Support Questions
Find answers, ask questions, and share your expertise

How do you set the map reduce spill file location in CDH 5.10

New Contributor


I want to define the directories that should be used for intermediate spill file location in CDH 5.10.  I believe the parameter is mapreduce.cluster.local.dir. I can't find it in the UI. I believe that it winds up in mapred-site.xml, but this file is automatically generated from Cloudera Manager.

 

Where in the UI is this parameter defined ?

 

Also, I believe that when the listed file systems fill up, the job will fail.
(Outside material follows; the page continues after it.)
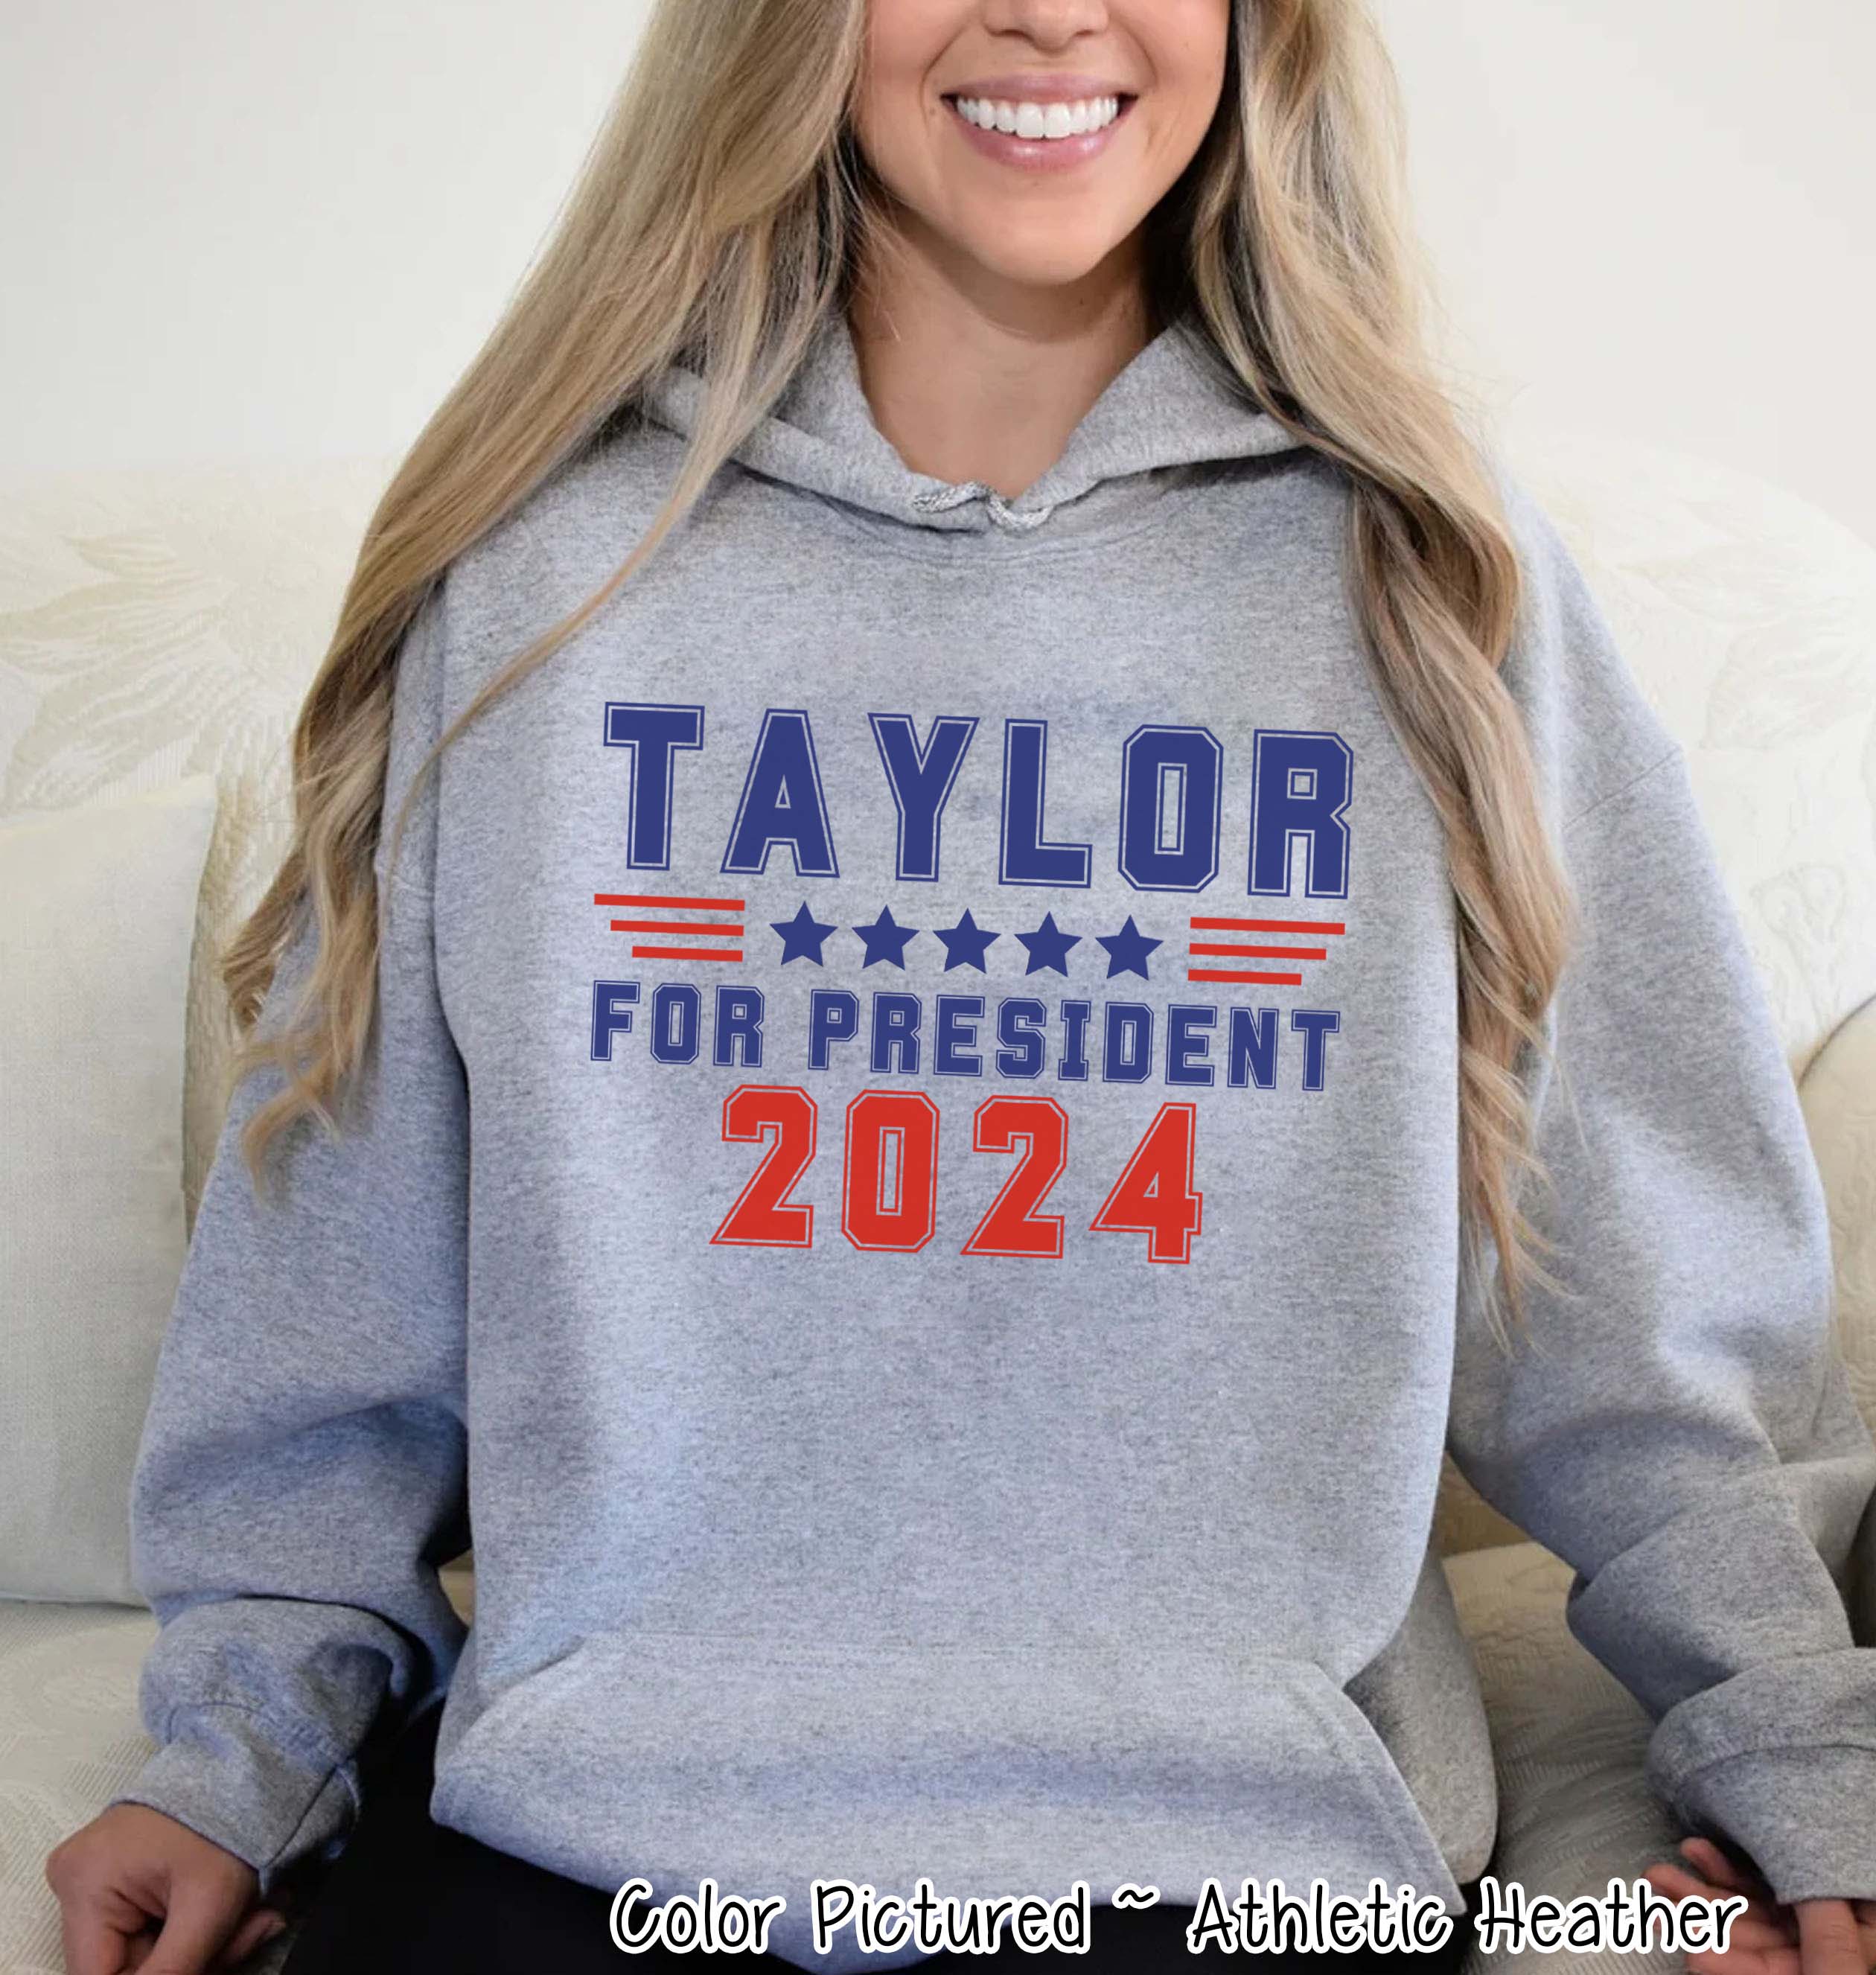 Taylor Swift for President Funny Political Tee or Sweatshirt

Is there a way to make it use regular HDFS space in this case ?

2 REPLIES 2

Re: How do you set the map reduce spill file location in CDH 5.10

Champion

No there is no way to have it use HDFS.  The primary reason is that the access pattern is small files and small updates and random.  HDFS would be ill-suited to do this on a consistent basis and at scale.

 

I am curious about this now as there seems to be some confusion.  I thought yarn.nodemanager.local-dirs determine it as container files are localized there but mapreduce.cluster.local.dir explicitly states that it is for the intermediate data.  I can't find a CM settings for the later.  The default ${hadoop.tmp.dir}, which is the start of the latter, is /tmp/hadoop-${username}.  The full path should be /tmp/hadoop-${username}/mapred/local but I don't see this on any nodes.  I do have a /tmp/hadoop-${username}/s3a for temporary data from S3 copy jobs.

 

I may try to test this out later and will get back on my findings.

 

I would test by trying to set it at the job level and seeing if the job takes it.  Then I would try different ACS to see which one fits.  My guess is either of these, the first being if you can set it an runtime of the job and the later if that is not possible so that all roles have the settings.

 

MapReduce Client Advanced Configuration Snippet (Safety Valve) for mapred-site.xml

YARN Service MapReduce Advanced Configuration Snippet (Safety Valve)

Re: How do you set the map reduce spill file location in CDH 5.10

Contributor

Hi all,

 

For MR1, search for this configuration in CM:

TaskTracker Local Data Directories
mapred.local.dir

 

For YARN w/MR2, search for this configuration in CM:

NodeManager Local Directories
yarn.nodemanager.local-dirs
 
Hope that helps!